5 coisas que aprendi com meus pacientes sobre envelhecer com leveza
A passagem do tempo é inevitável, mas há ações para tornar o processo mais suave, ensina geriatra
Certa vez, um amigo querido me disse que o geriatra é, em partes, um bom "fofoqueiro". Enquanto alguns indivíduos excluem a pessoa idosa e não escutam suas histórias, nós fazemos questão de ouvir, prestar atenção aos detalhes e, dessa forma, individualizar o cuidado, respeitando todos os "segredos de confissão".

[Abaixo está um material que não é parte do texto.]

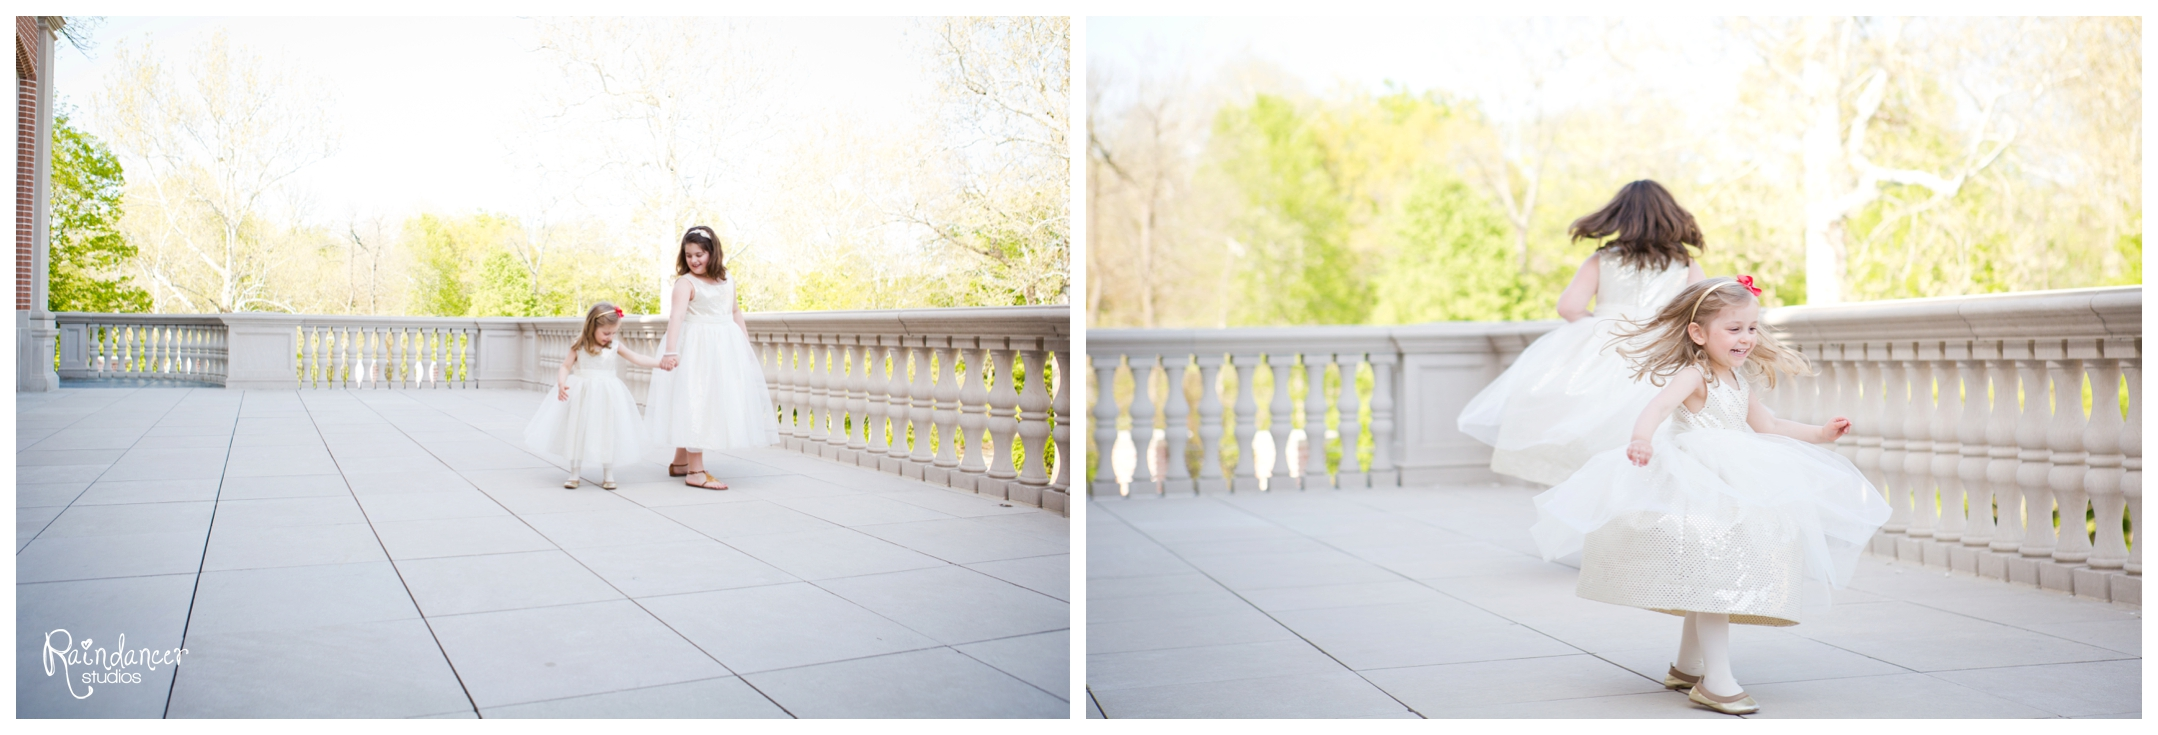 Indianapolis Wedding Dress 53 Fabulous  Indianapolis Wedding Photographer
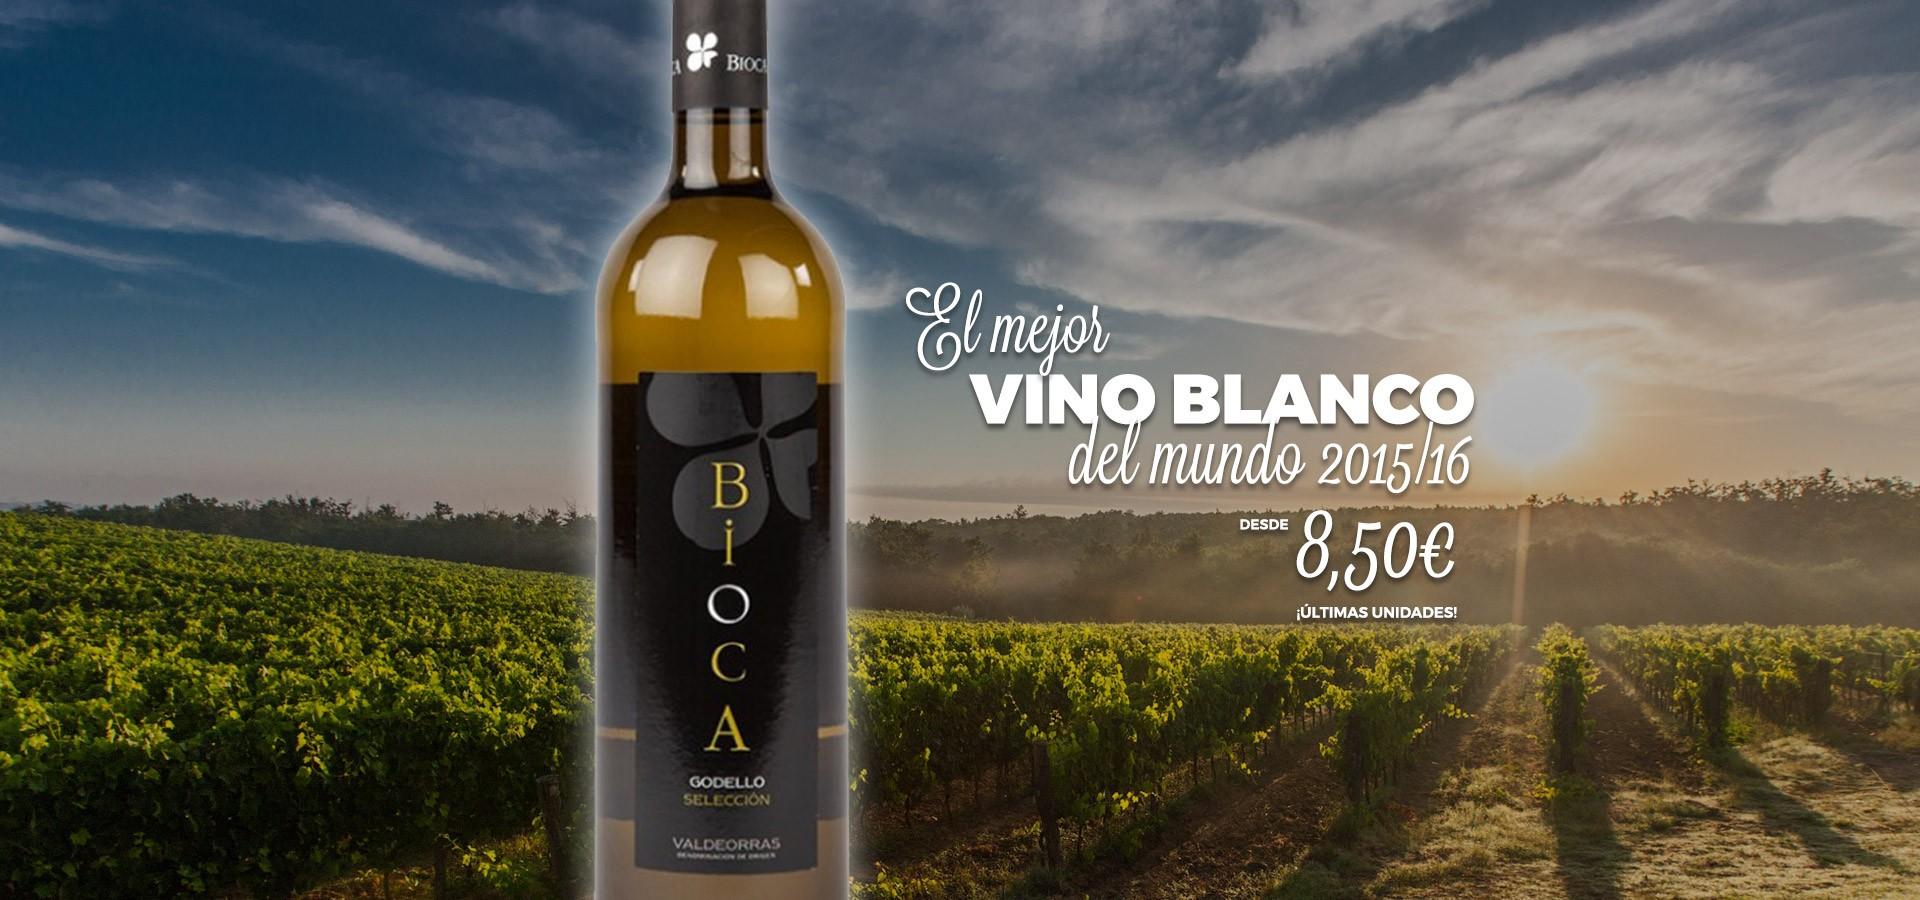 Bioca Godello - El mejor vino blanco del mundo

Ao longo desses anos de escuta, é interessante notar como as vozes se cruzam e tanto dores quanto conquistas muitas vezes são semelhantes. Por exemplo, é quase unanimidade o receio de "dar trabalho" para a família ou de se sentir um "peso" para os outros. Assim, resolvi reunir alguns ensinamentos que aprendi com meus pacientes sobre como podemos envelhecer com mais leveza.
Primeiro, ter propósito na vida é algo maravilhoso. Mesmo aos 70, 80, 90 ou 100 anos há vontades e desejos que nos movem. Pode ser lutar contra alguma opressão, educar filhos e netos, transmitir afetos ou qualquer outro projeto que nos ajude a levantar da cama pela manhã e seguir caminhando, mesmo com as adversidades que possam aparecer. Às vezes, pode ser difícil entender esse propósito, por isso é tão importante olhar para dentro, entendendo valores e a diversidade de existir nesse mundo.
Um segundo ponto importante se refere ao dinheiro. Há claros indícios de que pessoas idosas com melhores condições socioeconômicas apresentam condições mais favoráveis ao envelhecimento com qualidade, e a desigualdade precisa ser combatida para garantirmos justiça social também no envelhecimento.
Entretanto, dinheiro não garante afeto, cuidados e carinho. Já tive casos de filhos que, diante da finitude do pai, me avisaram: "Doutor, pode me pedir para cuidar dele, mas não me peça para amá-lo!".
São casos em que relações não foram criadas ao longo da vida ou problemas pessoais atravessaram as existências. Eles evidenciam que, além de buscar formas para envelhecer com qualidade, precisamos a todo momento lembrar que o nosso capital social - formado por todas aquelas pessoas que podem estar presentes, com afeto e carinho, nos momentos de maior dificuldade - é o que mais garante apoio.
Por isso, pedir desculpas, falar o que sentimos, mostrar sensibilidade e fortalecer relações são tão importantes para uma boa lembrança do passado quanto para uma melhor construção do presente e do futuro.
Nesse contexto, mais um ponto que merece destaque é o da visão. E não faço referência ao órgão do sentido, mas à capacidade de ser realmente visto pelos outros e por nossa sociedade. Não consigo nem imaginar como é cruel para alguém se sentir "escanteado" por uma sociedade idadista, que reduz seu valor e gera a sensação de invisibilidade. Não à toa a Organização Pan-Americana da Saúde (Opas) defende que o primeiro pilar para envelhecermos com saúde é priorizar medidas que alterem a forma como vemos, agimos e sentimos o envelhecimento.
Por fim, algo que também contribui para envelhecermos com leveza se relaciona à família. Existem casos em que ela pode ajudar com respeito, apoio, carinho, afeto e sentido na vida. Porém em outros ela pode até piorar a situação - já acompanhei pacientes cujo filho ou outro familiar era violento psicologicamente, controlador ou negligente.
Mas família é uma palavra com significados muitos amplos. Mais do que uma questão sanguínea, ela é composta por aqueles com quem criamos laços e que escolhemos para estar ao nosso lado.
Respeitar todas as formas de família é garantia de maior leveza no envelhecimento. Basta lembrar daqueles que romperam com seus parentes ou das "famílias interespécies", nome sofisticado para composições em que um membro familiar não é humano, podendo ser um cão, um gato, um pássaro ou um robô, por exemplo.
Envelhecer é inevitável, mas, assim como a fofoca, o que iremos fazer com essa informação é opcional. Construir pontes, mostrar-se sensível, ver e ouvir os outros são opções para quem deseja caminhar para um presente e futuro mais leves.